Sharia-compliant assets of commercial banks in Qatar, Indonesia, Saudi Arabia, Malaysia, the UAE and Turkey are set to exceed $801 billion in 2015, representing 80 per cent of international banking assets. Islamic banking assets are continuing to grow at a rate of 16 per cent per year and by 2020, the global Islamic banking industry profit pool is expected to reach $30.3bn, EY said.
“With the exception of Turkey and Indonesia, Islamic banking has gained market share in all markets, demonstrating the immense success and resilience of the industry,” said Gordon Bennie, financial services leader for the Middle East and North Africa at EY. “Twenty-two international Islamic banks now have $1bn or more in shareholder equity, making them better positioned to lead the future regionalisation of the industry. In relative terms however, they are still only one-third of the size of their largest traditional peers in home markets and also lag in terms of return on equity.”
Islamic finance is especially picking up in the corporate world, where demand for sukuk, or Islamic bonds, has been on the rise in the Middle East in recent years as regional companies seek to expand their investor base around the world in countries such as Malaysia, which is the world's biggest issuer of sukuk.
In the UAE, Islamic banks, including Dubai-based Noor and Abu Dhabi Islamic, have been growing at even higher rates amid a boom in sukuk financing. Last year, GCC sukuk issuances exceeded $20bn, and increase of more than 25 per cent compared to the same period in 2013, the rating agency Standard & Poor's said. Globally the sukuk market grew more than 5 per cent last year.
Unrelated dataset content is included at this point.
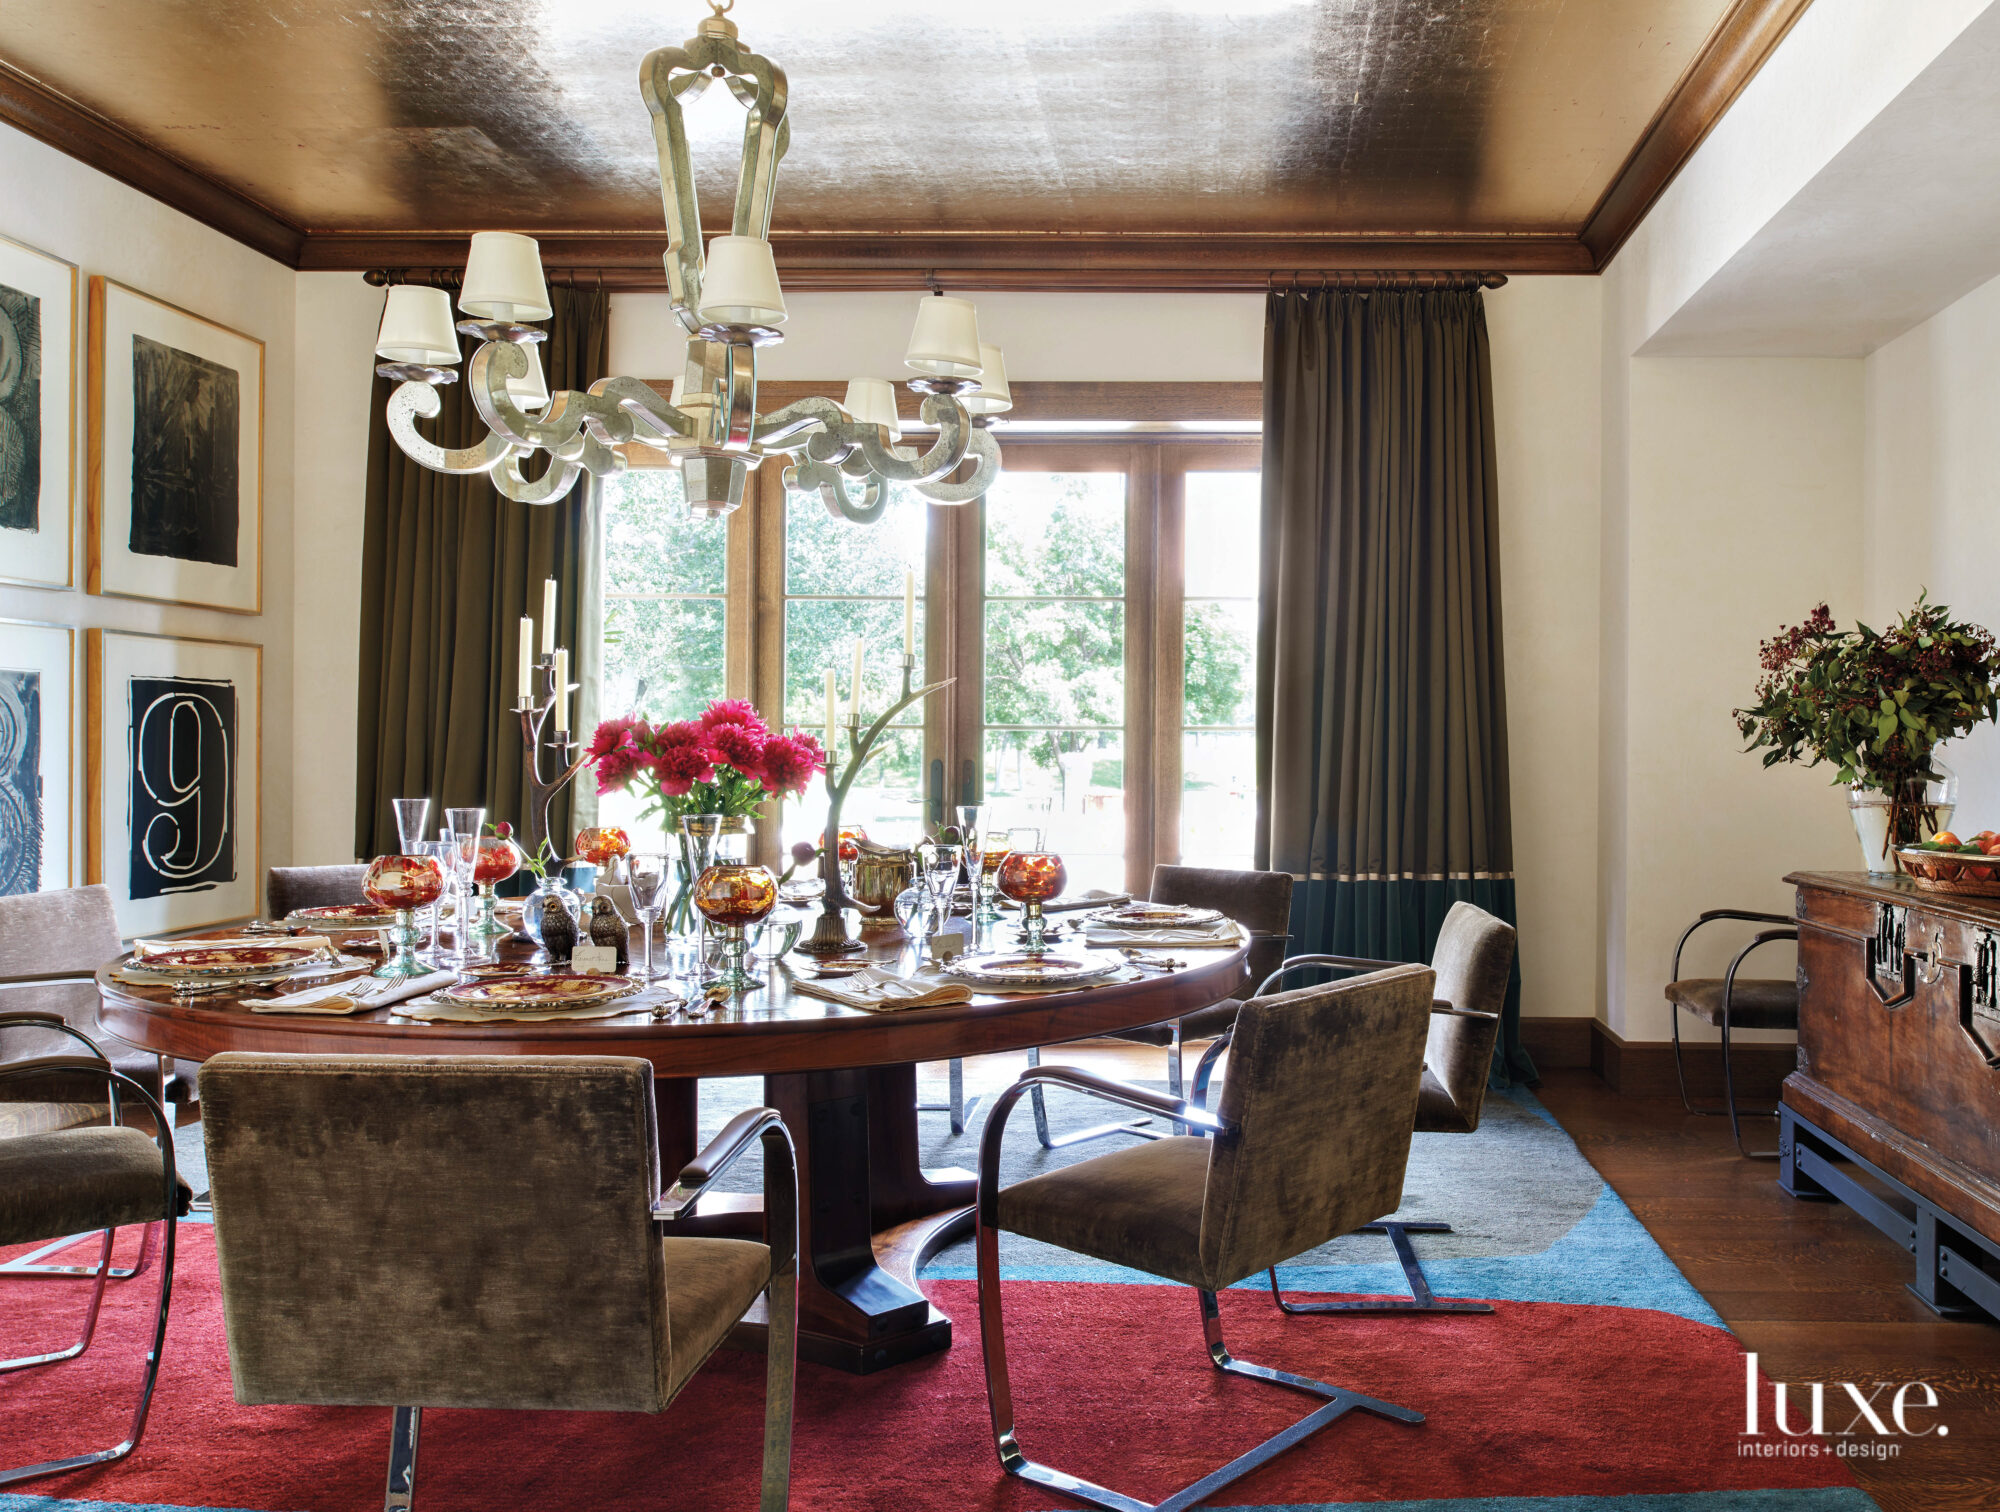 The dining room features a round table, modern chairs and a gilded ceiling.

On the individual customer front, retail banking has also been making headway. For years Islamic lenders have faced the challenging task of making Sharia-compliant lending, where interest is banned and banks offer “profit” rates instead, more palatable to the large non-Muslim population that resides in the UAE. And while the share of Islamic banking in the UAE is poised to grow to 50 per cent of the whole market by 2020 from the current 20 per cent, on a global scale the penetration of Islamic lending is negligible at 1 per cent.
EY said, however, that the next big challenge for Islamic banks will be to go digital, offering more services online than they do at the moment. Customers around the world are increasingly choosing to bank with lenders that offer the most access online. “There is still a lot of opportunity,” said Ashar Nazim, partner at EY’s global Islamic banking centre.
“The industry today is yet to reach 100 million customers. The potential captive market is six times bigger, but requires a different banking model. A digital-first strategy has to be the stimulus for Islamic banks to sign up the next 100 million customers over the next decade.”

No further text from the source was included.